Are the Voyager spacecraft still doing good science? You bet, as witness the passage of Voyager 1 through the termination shock at the edge of interstellar space. Scientists had assumed the craft’s crossing of this boundary, where the solar wind abruptly slows, would confirm previous theories about anomalous, energetic cosmic rays that were thought to be produced in the region. But Voyager did anything but, finding the cosmic ray count to be far lower than predicted during its passage.
New work by David McComas (Southwest Research Institute) and Nathan Schwadron (Boston University), published recently in the Geophysical Research Letters, offers a theory why. They base their thinking on the shape of the shock itself, previously thought to be circular. The duo showed that a more realistic shape made sense. “In fact, the termination shock couldn’t be circular because the solar system is moving through the galaxy, which would create more of a flattened egg shape,” says Schwadron. “A flattening of the nose of the termination shock leads to a time dependant acceleration process.”
According to the new model, the nose of the acceleration shock (Voyager 1’s approximate location) is not where particles are best accelerated. Rather, they can only reach highest energies after moving along the sides, or flanks, of the shock, where the magnetic field has had longer connection times to accelerate particles.
Image: This schematic diagram cuts through the termination shock at the equator. Inside the termination shock, the magnetic field line spirals out and connects to the shock. Also shown are the approximate positions of Voyager 1 at the “nose” of the termination shock and Voyager 2 farther back. Credit and copyright: Southwest Research Institute.
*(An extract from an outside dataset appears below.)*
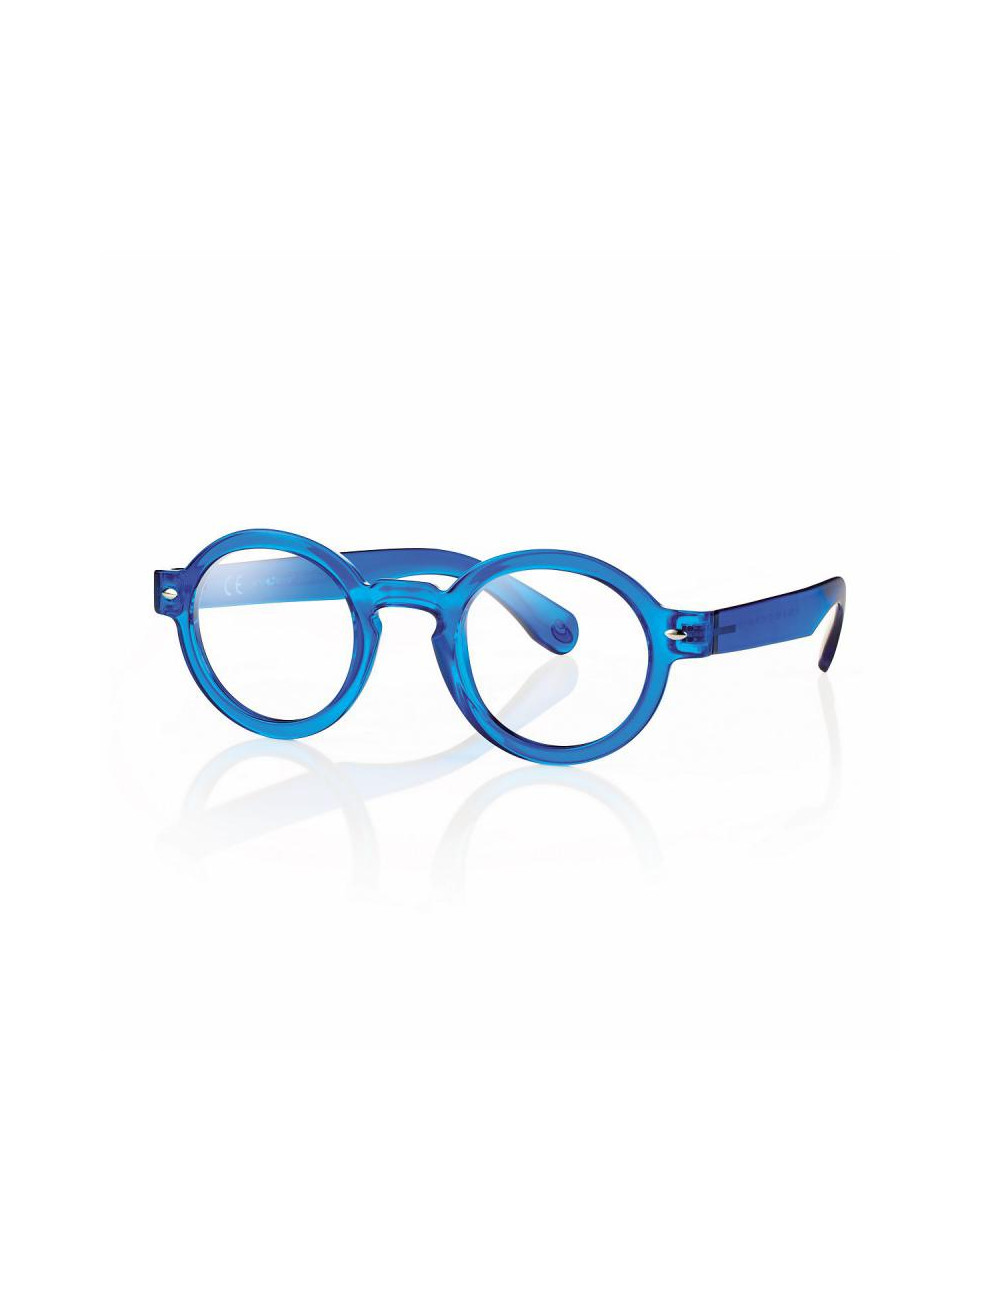 Centrostyle Smart  R0359 reading eyeglasses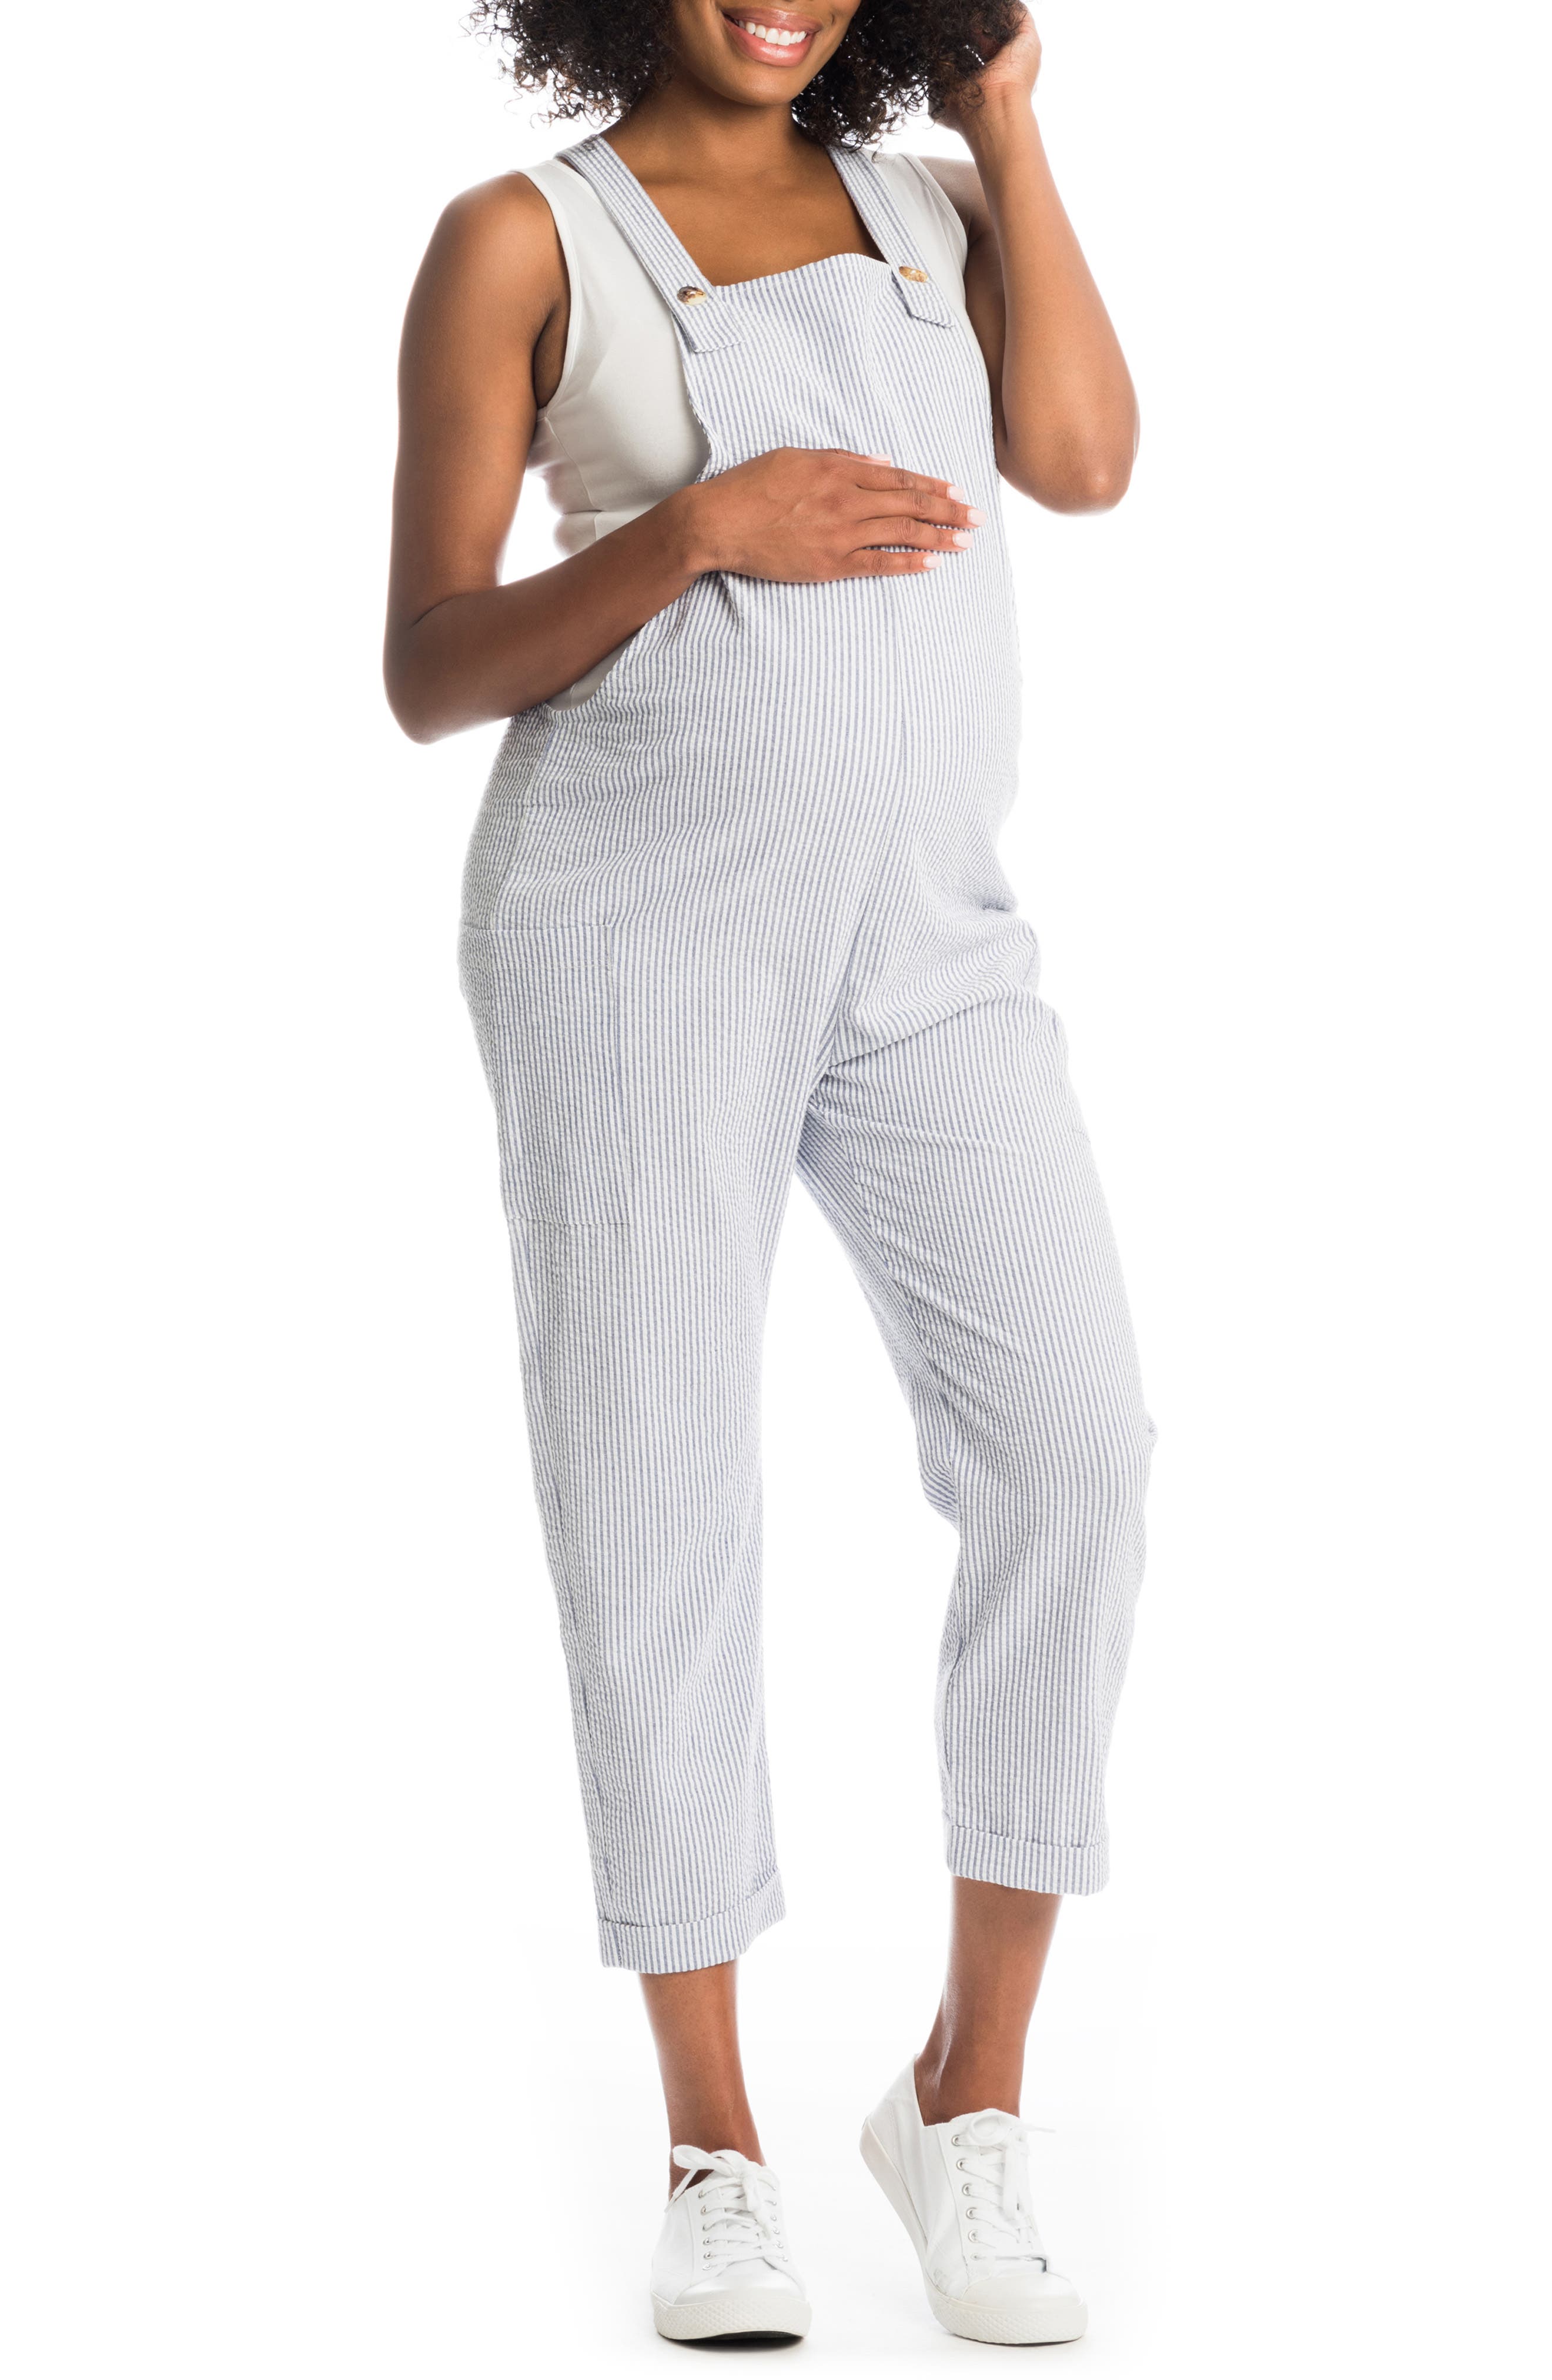 NoName jumpsuit discount 93% White/Beige S WOMEN FASHION Baby Jumpsuits & Dungarees Party Jumpsuit

Two other spacecraft will tell us more. Voyager 2 should pass the termination shock farther back from the nose in about 2-3 years, and the new model offers predictions about the jump in energetic particle fluxes that should occur. And then there’s IBEX (Interstellar Boundary Explorer), whose mission (with launch in 2008) will offer images of the interactions around the termination shock. The paper is “An Explanation of the Voyager Paradox: Particle Acceleration at a Blunt Termination Shock,” in the Geophysical Research Letters Vol. 33, No. 4 (17 February 2006), with abstract available here.